Anyway, I've recently had hypnotherapy and it has changed my attitude to food: I no longer snack and I eat when I am hungry, not at meal times if I don't want to. I eat what I want but only when I need to. I have continued my activity, and last week we went on holiday to Gran Canaria, with my mum. The two journeys there and back involved lots of walking (gatwick!!!), and we had to drink lots of water out there, plus, instead of doing lengths for 45 minutes, I was in the pool practically all day every day, and then would also swim in the sea. And being a fast, strong swimmer, I did quite a lot of swimming. I ate what I wanted - in the Italian I had carbonara twice (plates stacked high), I had egg fried rice and sweet and sour chicken in the chinese and we even had a mexican. I always ha puddings and a baileys or two with my meal, and sometimes even had a starter - garlic bread or prawn crackers; I drank sangria/champagne, shandies, cooked breakfasts, baguettes and crisps for lunch. But I also ate plenty of fruit and drank plenty of juice as well as water. I've come back and clothes that were digging in before I went away, are falling down. We went to the solicitor's office yesterday, and my smart skirt (the only one I own yet), which was digging in round the tummy before, was falling down when I walked!
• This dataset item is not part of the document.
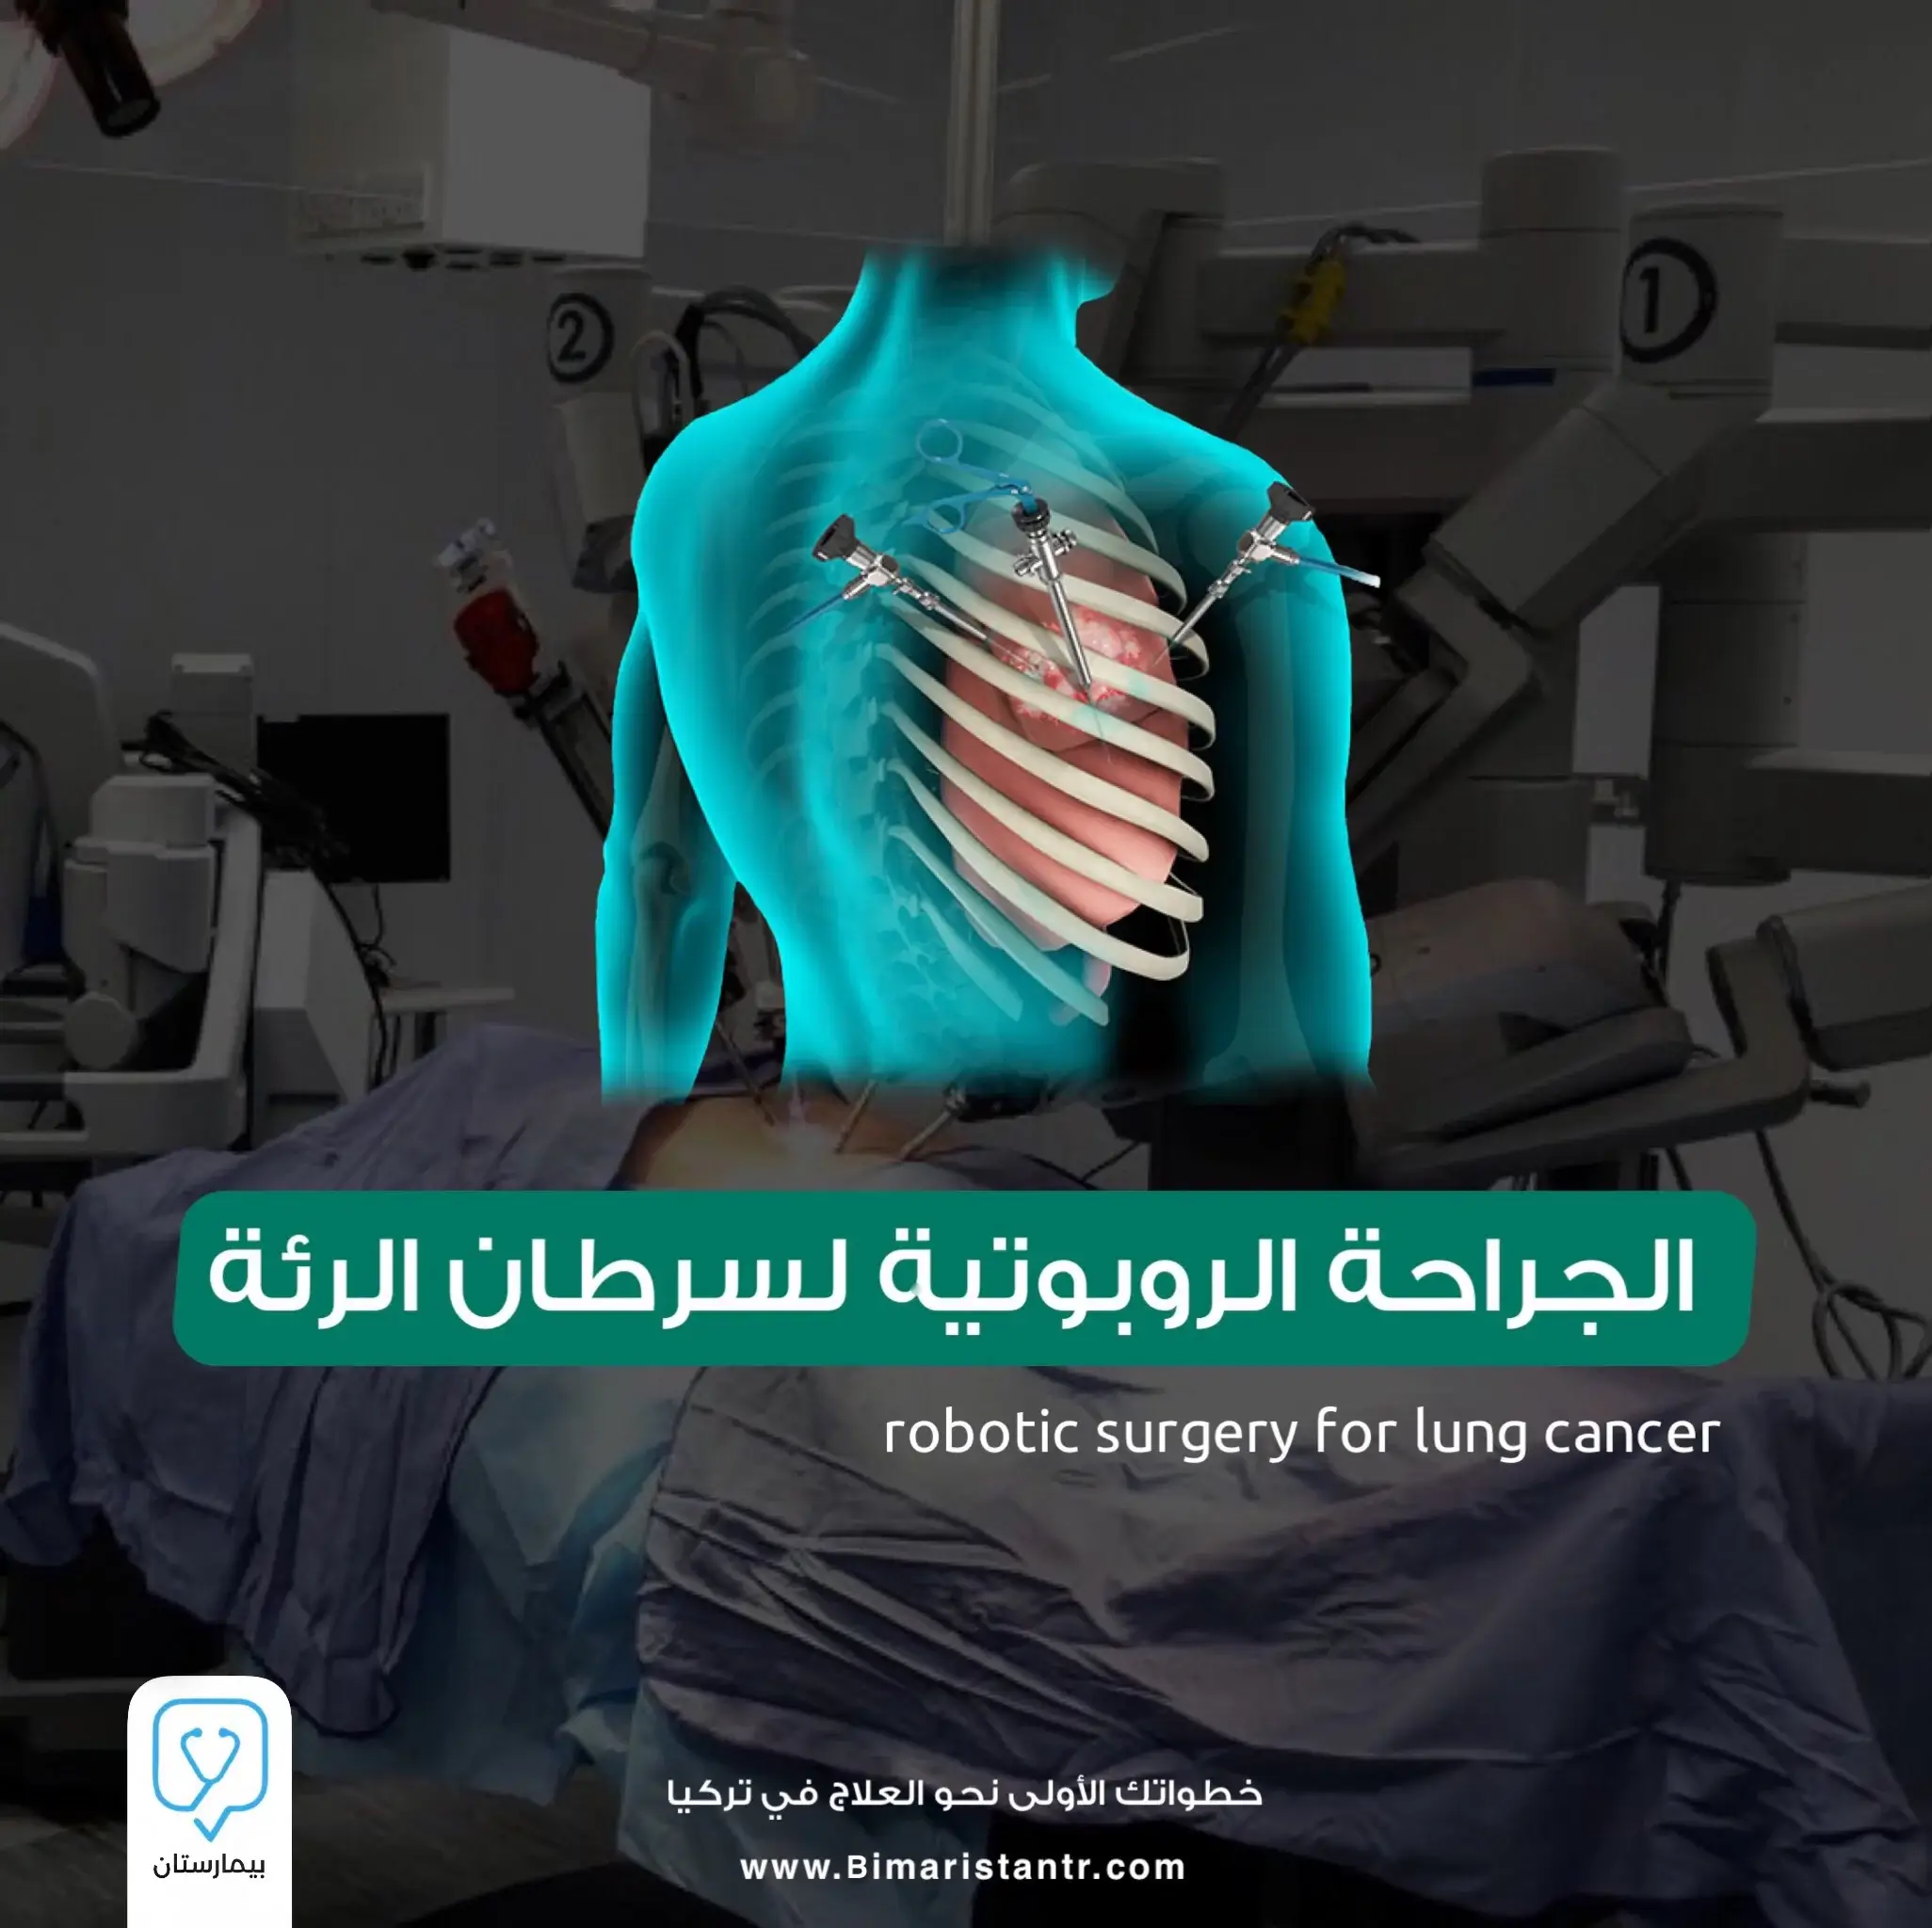 Türkiye'de akciğer kanserine robotik cerrahi

So my message is: forget fads (and believe me, I am the queen of fads having had bulimia!), just go for eating what you want when you want, stopping when full and plenty of fruit, veg and water into the mix. Try to eat healthily most of the time but don't deny yourself a treat. Just really up the activity if you can. I have always been active and thought I did plenty, but seeing the effects of the activity I did last week, has really made me see I need to vary the intensity and length of my workouts and do more, like hikes at weekends, swim for longer, take running back up.
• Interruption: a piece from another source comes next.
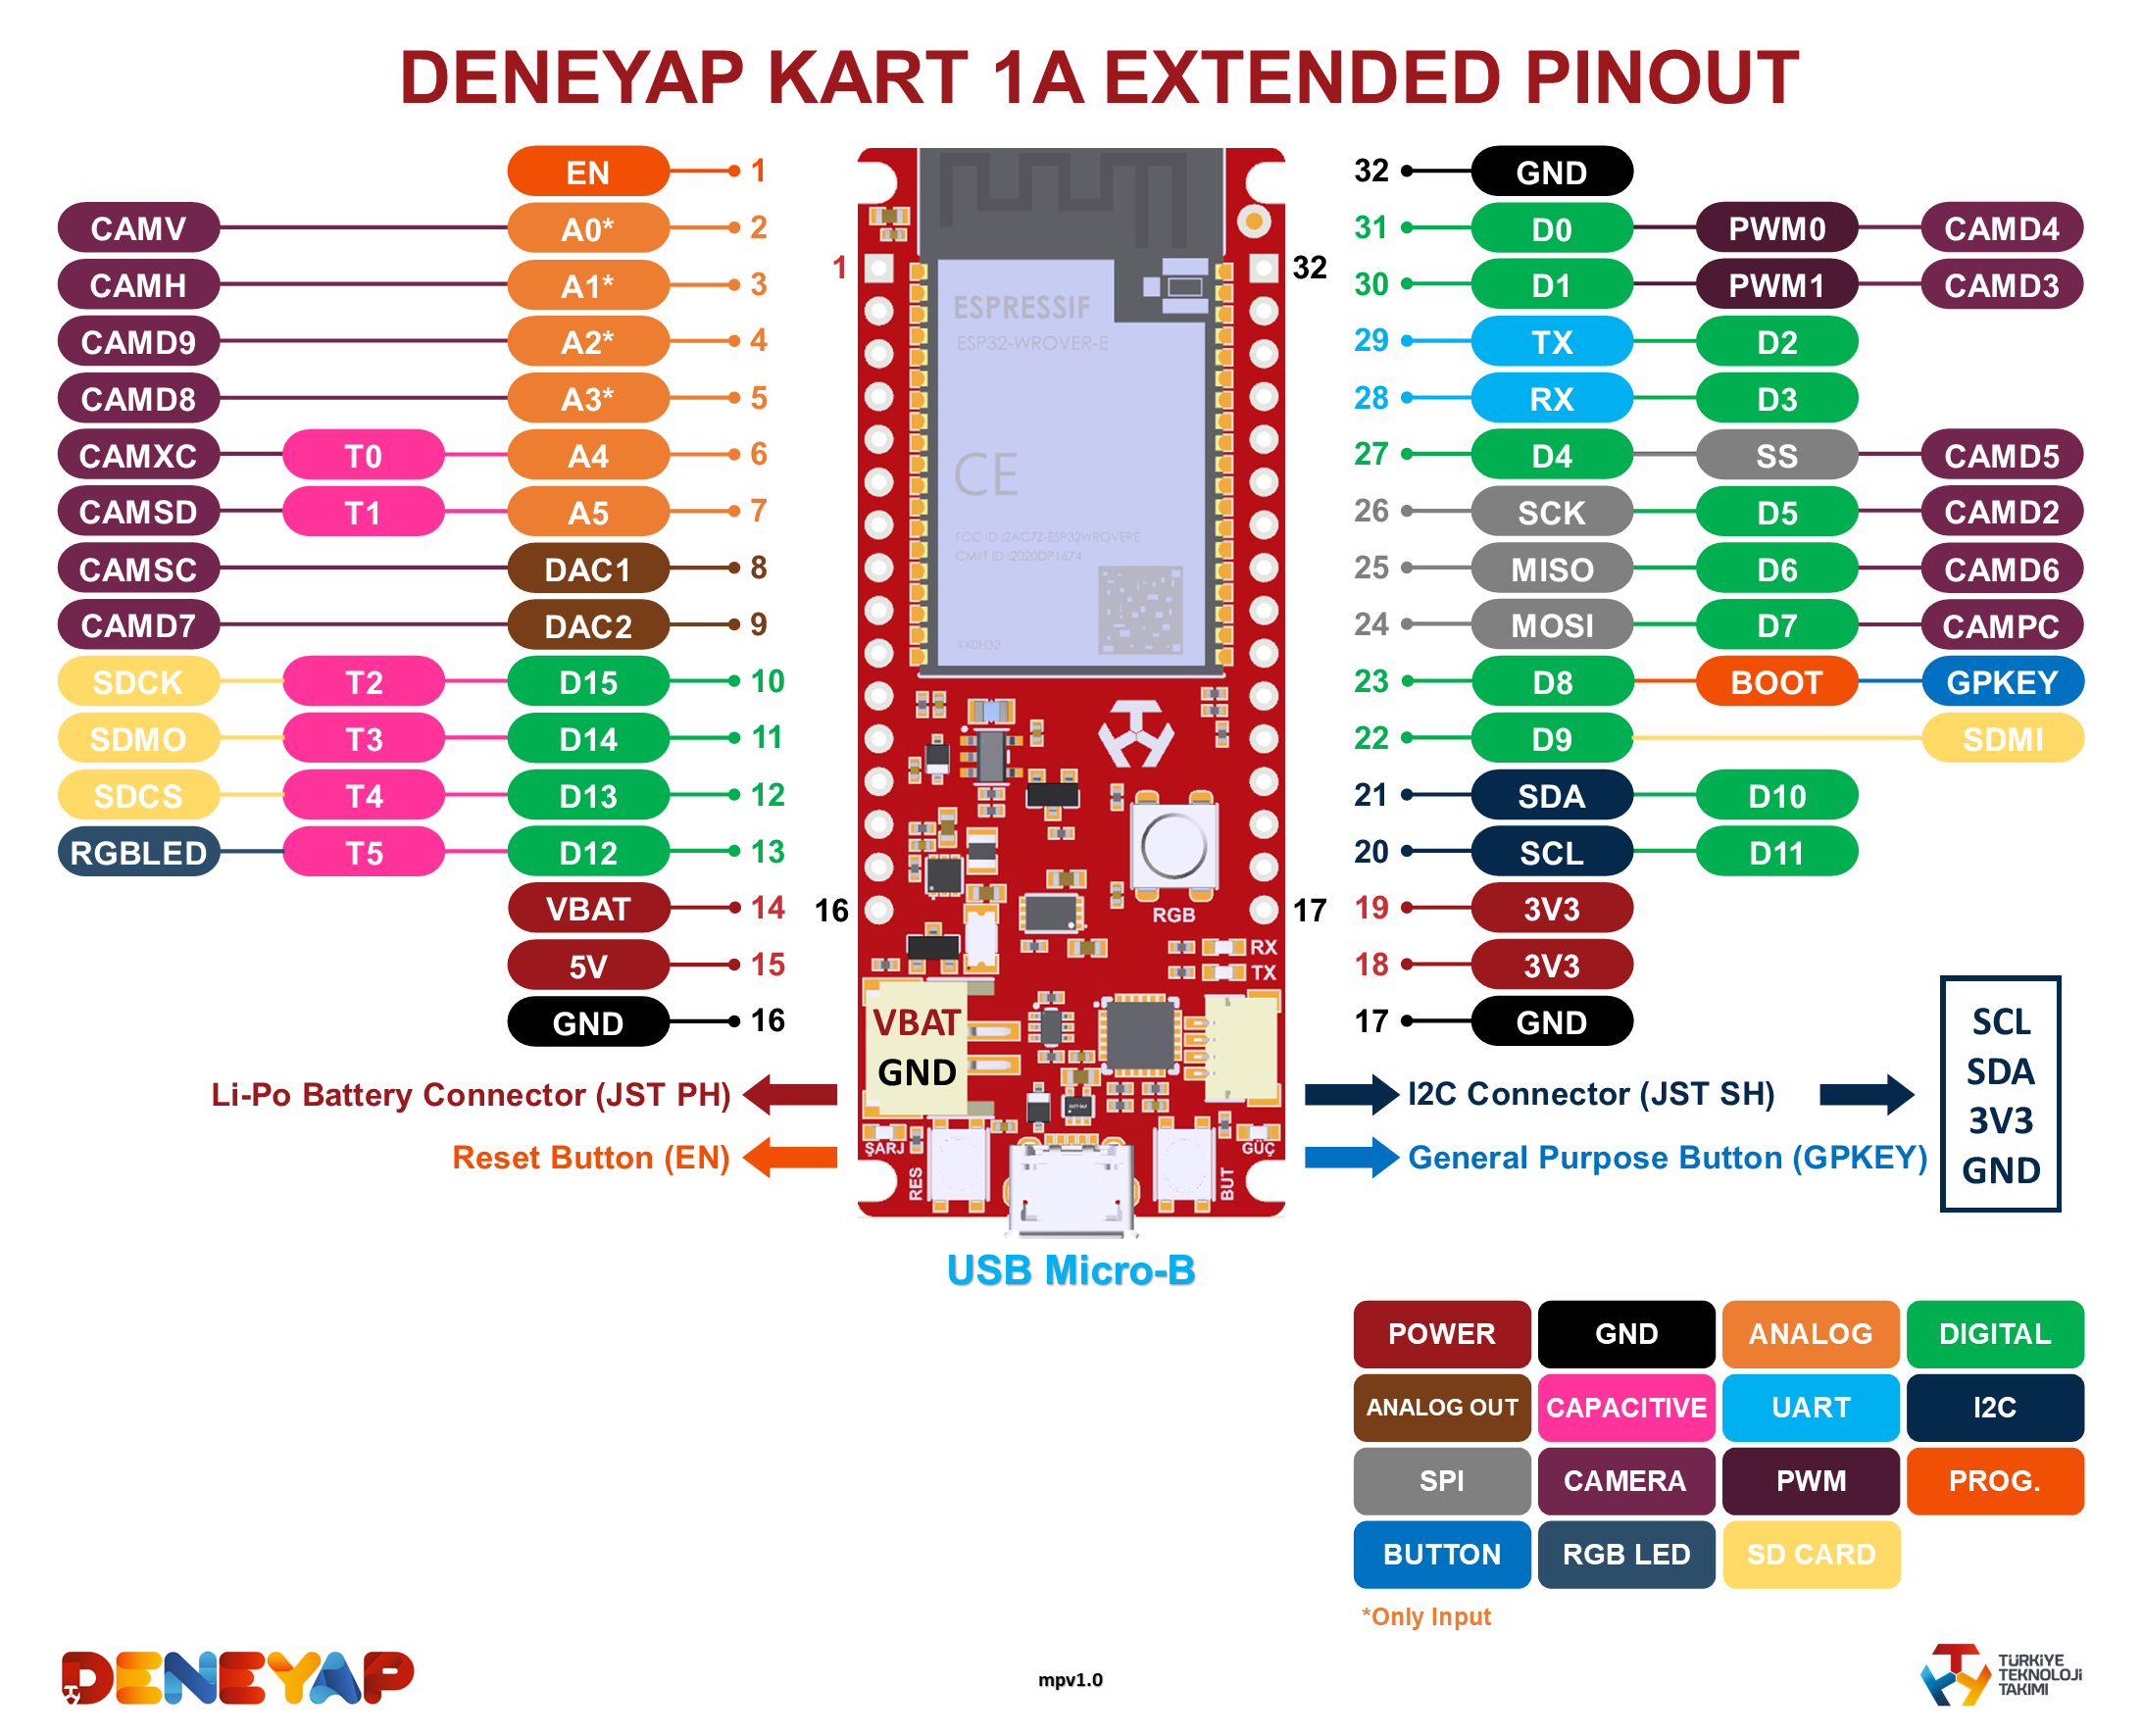 DeneyapKart1A_ExtendedPinOutEng_mpv1.0.png

Good luck. You are not as fat as me by the sounds of it! I was a size 16-18 for my wedding, which at 5'9" was a nice size and I looked good. I am broadly built and ample chested and that size for me is my ideal. Before I met hubby when I was 18, I had gone up to a loose 20, but soon lost it through exercise and more control over the bulimia. During uni (2003-2006) I went from the 16-18 to a size 22, and when I was ill last year I went up to a tight 28. I am now back to a tight 26, but it really is dropping quickly now I am in control. What family and friends think does matter, but only a small amount, and what strangers think... well, they can bog off frankly. I find it very sad that so many people have been brainwashed by the size 0 society. Maybe it passed me by because I was fighting big battles of my own at the time; maybe there is time for me to be afflicted yet. Whatever happens, I know size 0 is yuk, I also know size 26 is yuk. Healthy is individual.
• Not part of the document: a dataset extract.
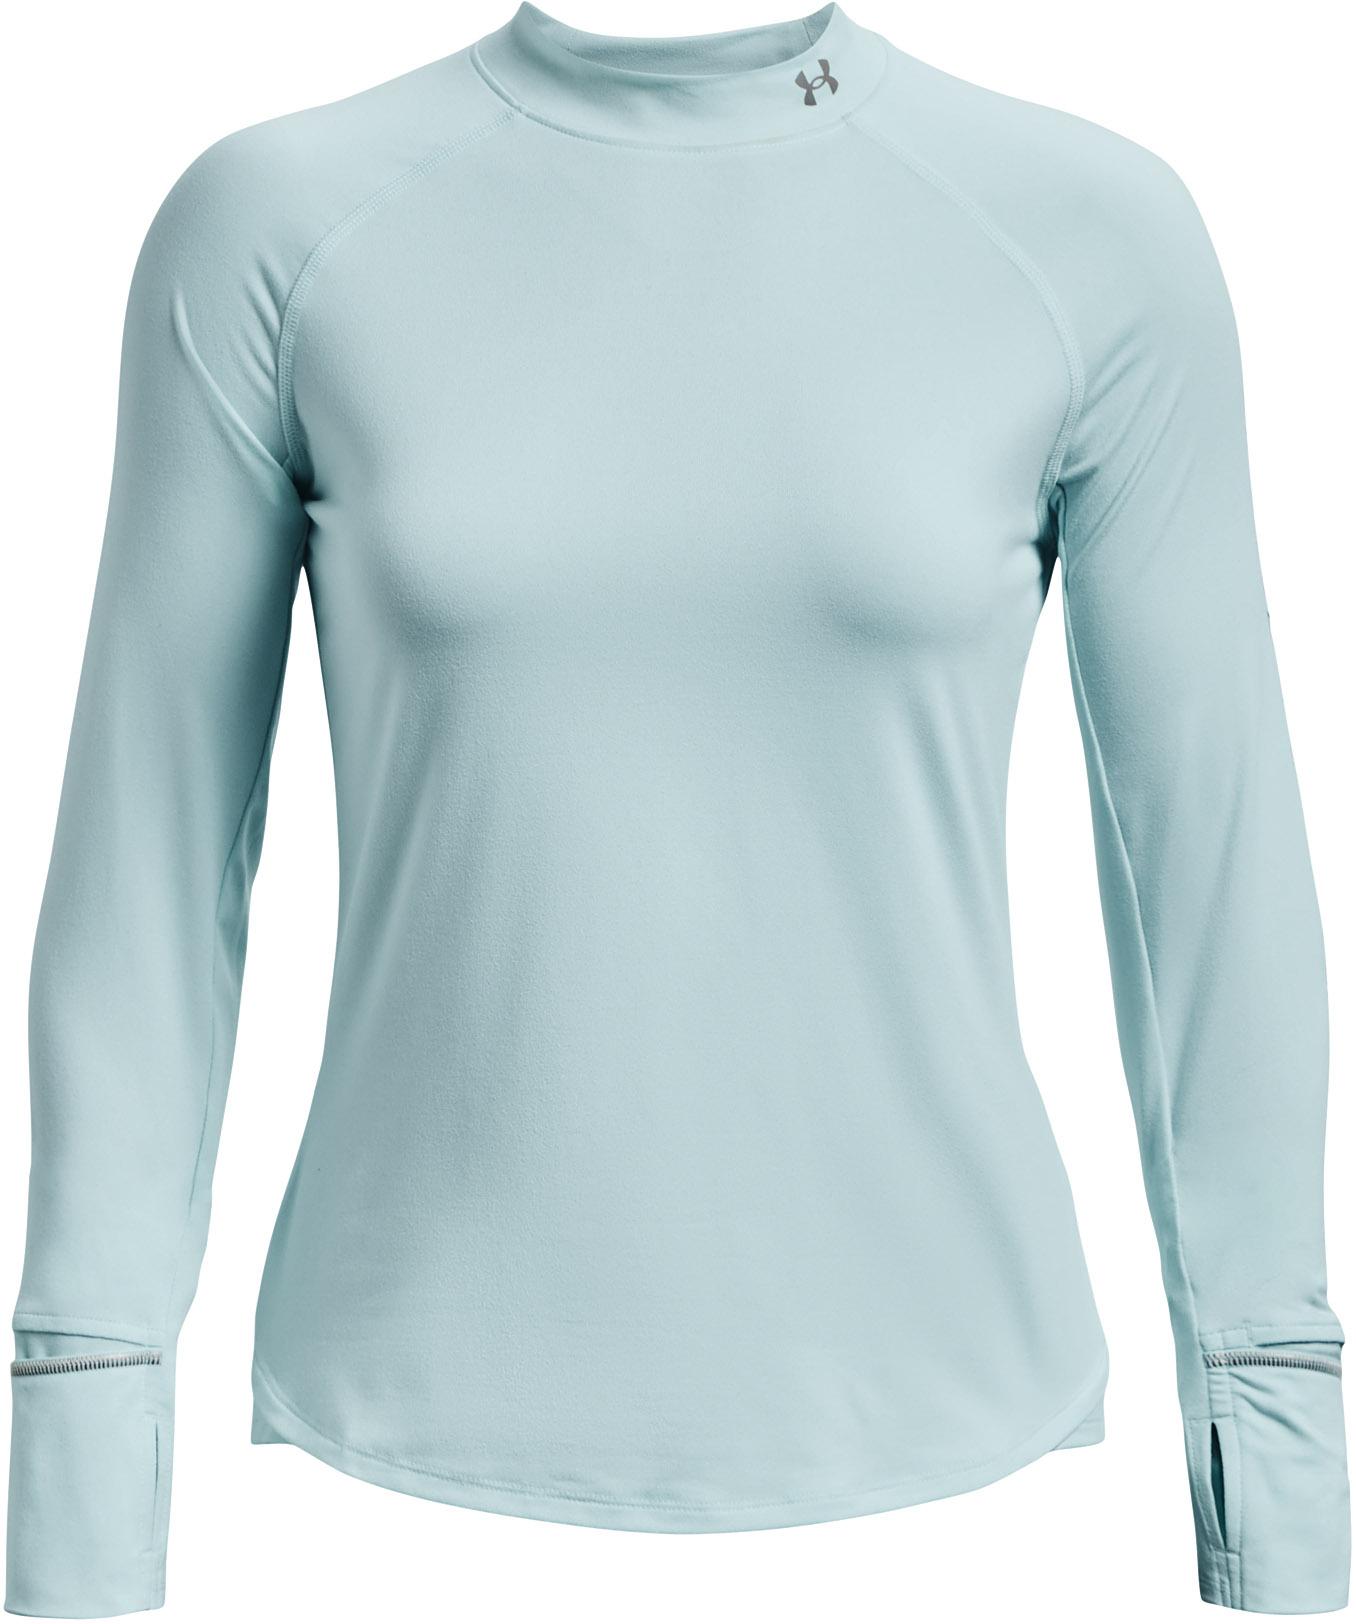 Under Armour the Funktionsshirt Damen fuse teal-fuse teal-reflective Online Shop von SportScheck kaufen

Gosh this is long; if you got through it, well done!!!

HorseyWoman · 29/08/2007 16:19

Maybe I was brainwashed by it, having had bulimia. Certainly the counselling uncovered other issues that had led to me having bulimia. The media can be a fantastic resource, but honestly, they are culpable for ruining the lives of so many women on this front.

Accept yourself for what you are now; until that happens nothing will change.